__TO DO__:
From the entries below, print exactly the span beginning with the line holding "Gorey on the island of Jersey" and ending with the line holding "Funny School Psychologist", endpoints included, and skip any pictures.

___ PROVIDED MATERIAL ___

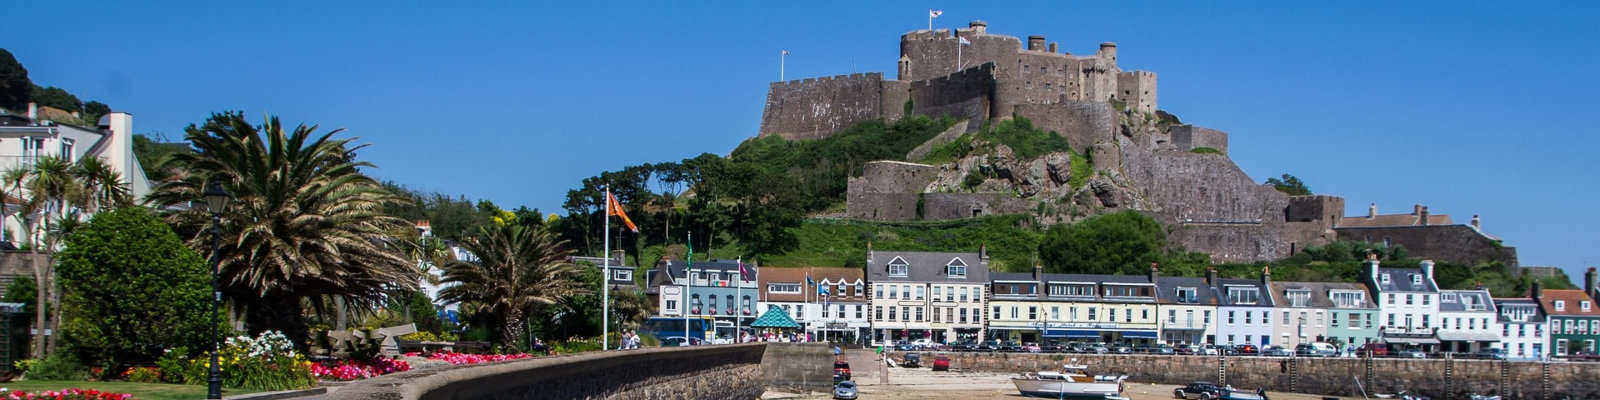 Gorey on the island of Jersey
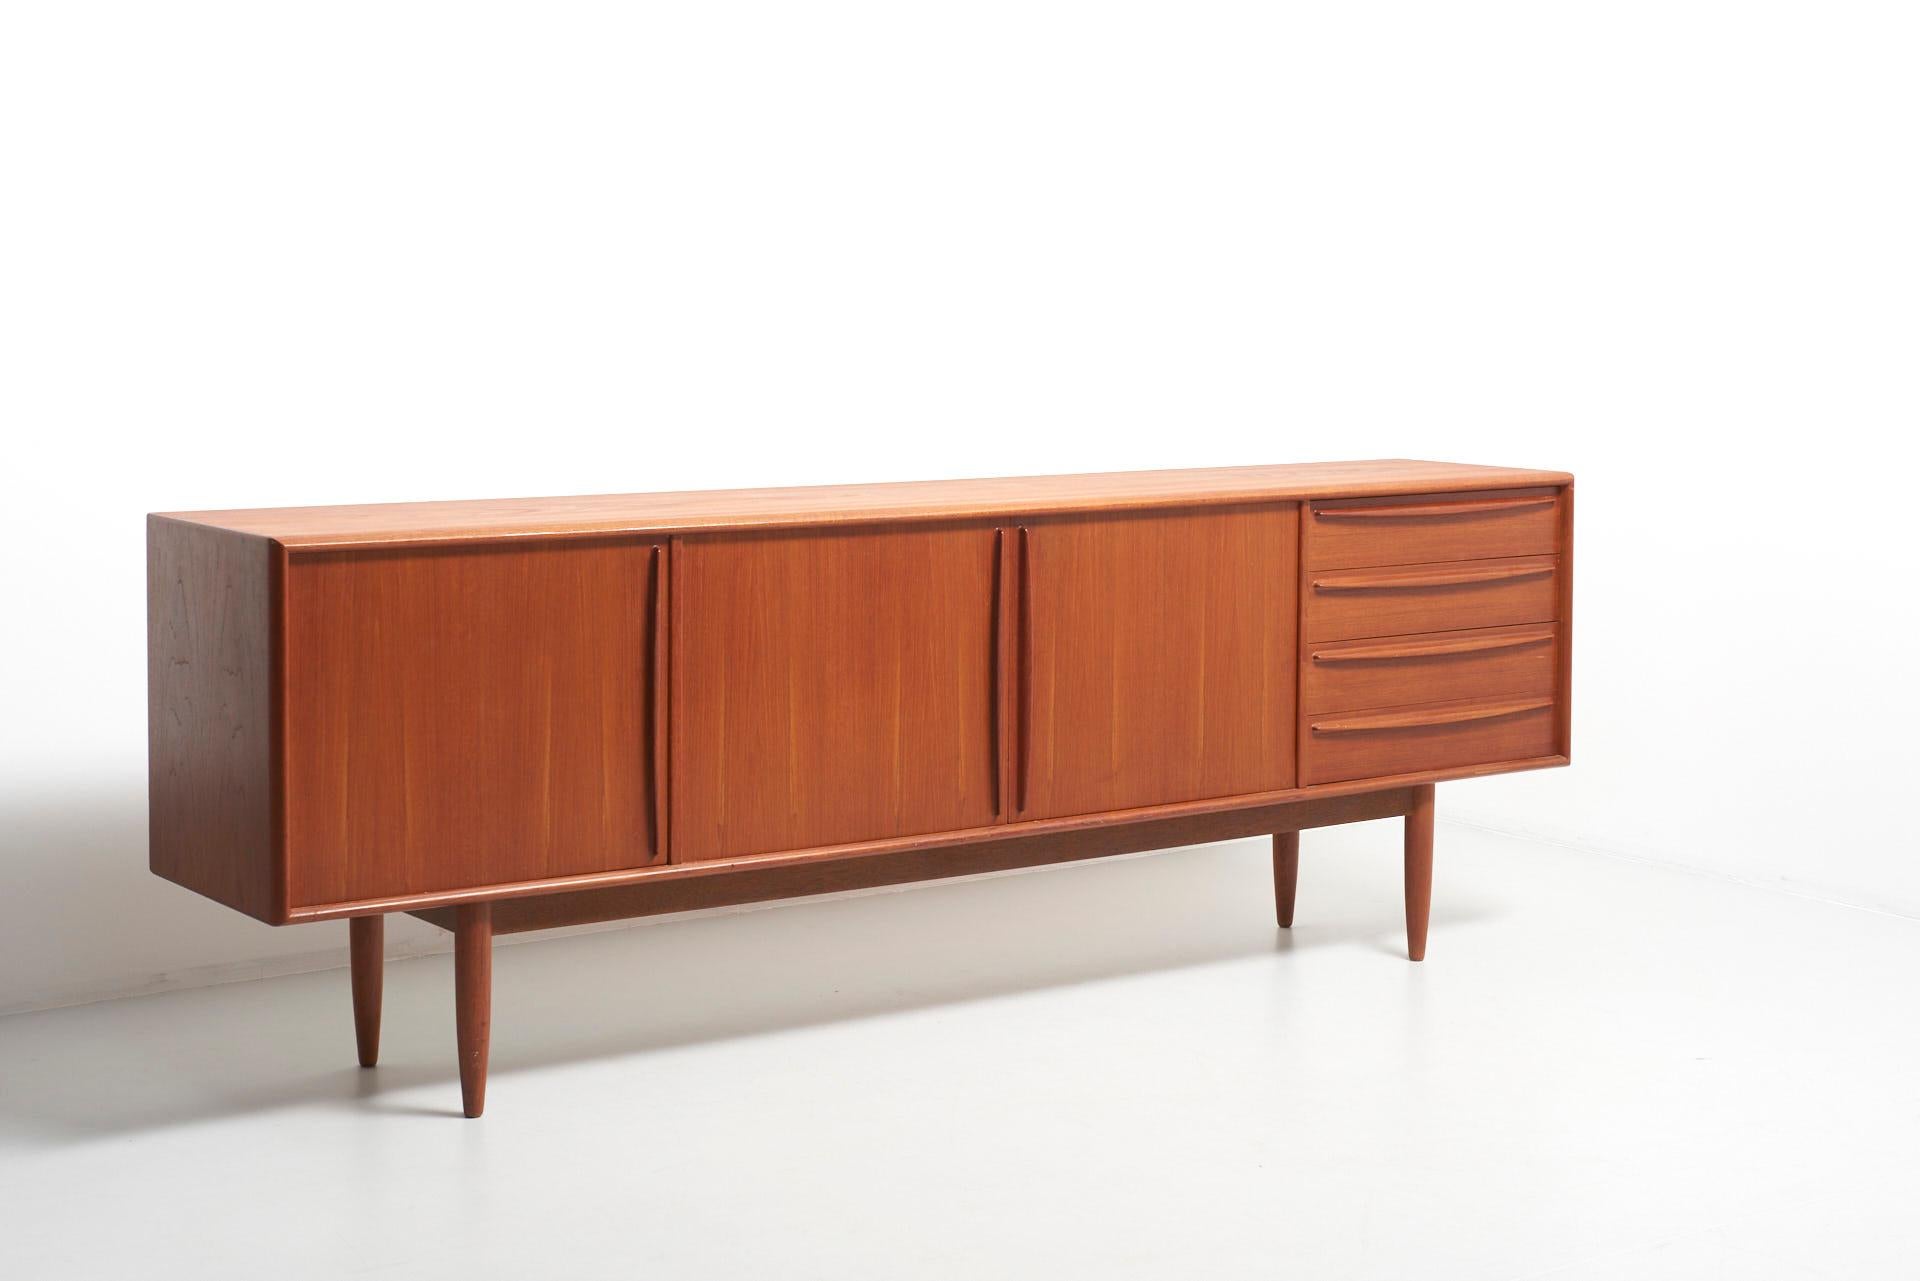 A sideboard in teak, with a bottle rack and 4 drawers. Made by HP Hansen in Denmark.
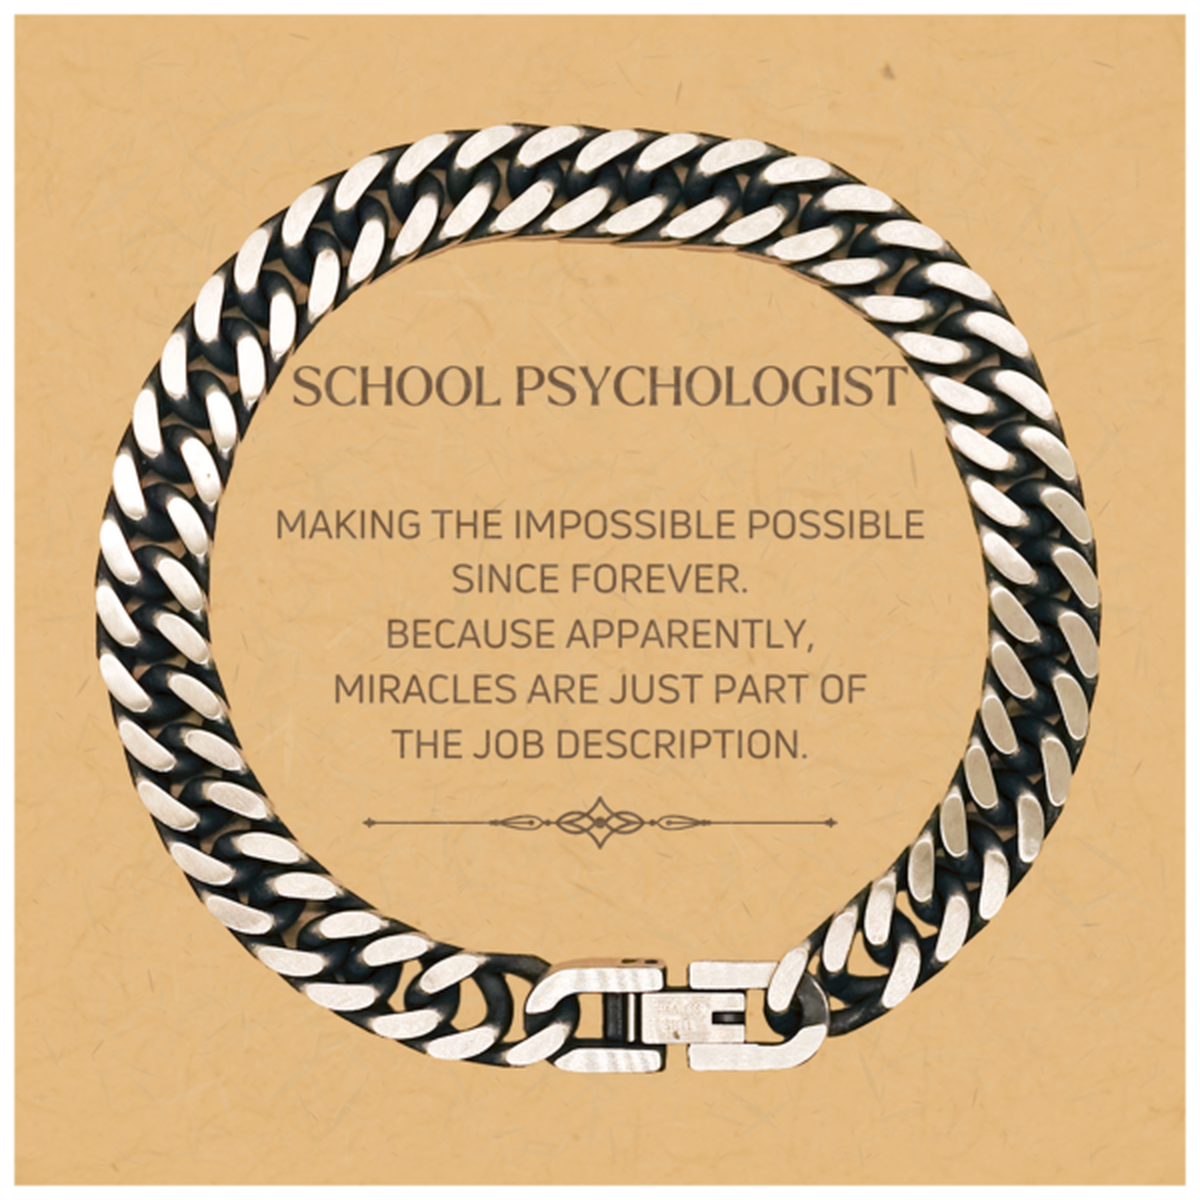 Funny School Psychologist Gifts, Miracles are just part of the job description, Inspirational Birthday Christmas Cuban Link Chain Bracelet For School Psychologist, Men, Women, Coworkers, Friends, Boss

___
___ PROVIDED MATERIAL ___

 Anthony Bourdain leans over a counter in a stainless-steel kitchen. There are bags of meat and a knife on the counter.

___

__WRITTEN REPLY__:
 Gorey on the island of Jersey
 A sideboard in teak, with a bottle rack and 4 drawers. Made by HP Hansen in Denmark.
 Funny School Psychologist Gifts, Miracles are just part of the job description, Inspirational Birthday Christmas Cuban Link Chain Bracelet For School Psychologist, Men, Women, Coworkers, Friends, Boss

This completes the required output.